Куракин Гурьян ехал в телеге молча. Его глаза налились кровью, на крупном выразительном лице заходили желваки мускулов, время от времени он с яростью сжимал мощные кулаки, из груди его вырывались тяжелые вздохи, похожие на звериный рык. Осознав всю тяжесть своего положения, казак почувствовал, что сердце его ноет от непривычной тоски; стойкий воин пал духом. Он думал о том, что, может быть, больше никогда не увидит Сакмару, Яицк и жену Степаниду. У него как-то сжалось сердце, и, закрыв глаза, он заметил, как они увлажнились от слез.

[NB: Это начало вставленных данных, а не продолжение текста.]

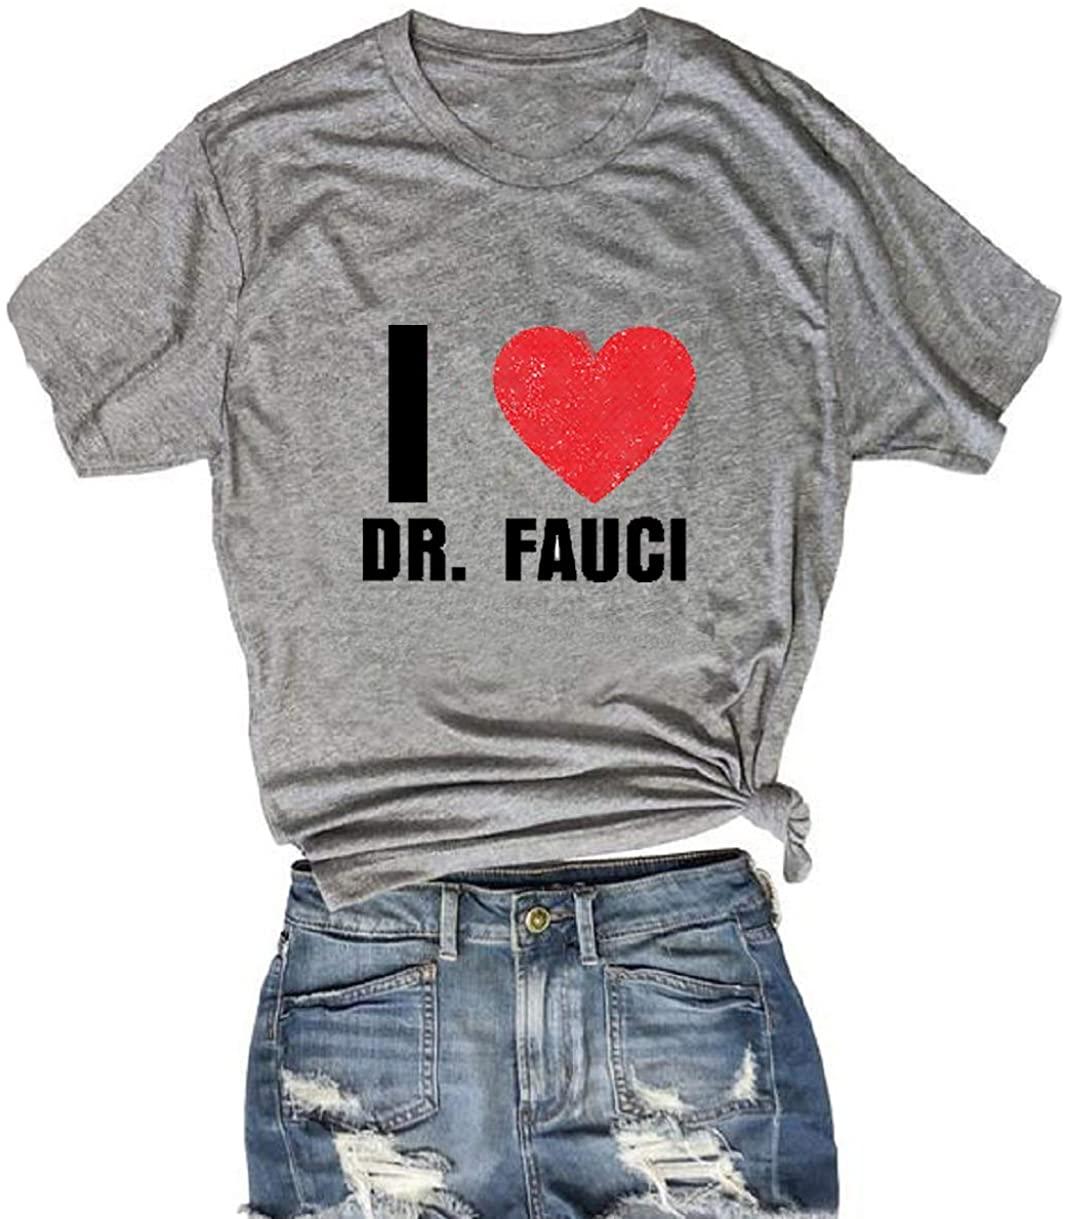 I Love Dr Fauci T Shirts for Women Heart Print Short Sleeve Tops Summer Blouse

Склонив голову на грудь, Гурьян обреченно вздохнул и погрузился в скорбные мысли. Горько и мучительно было сознавать крушение надежд, согревавших кровь в его жилах, одухотворявших его жизнь. Как ужасно было видеть такой жалкий конец его участия в освоении Сакмары в тот момент, когда, казалось, победа была близка, торжество обеспечено! Что значит смерть в сравнении с таким страшным несчастьем, как плен и рабство?
Затем мысли его унеслись к берегам Яика. Они легко витали над крышами родного городка, ему вспомнились беспечные детство и юность, счастливые годы, которые пронеслись, как легкое дуновение ветерка. Неожиданно лицо его, ставшее спокойным и ясным, опять омрачилось: он вспомнил бой у Сакмары, свое пленение и…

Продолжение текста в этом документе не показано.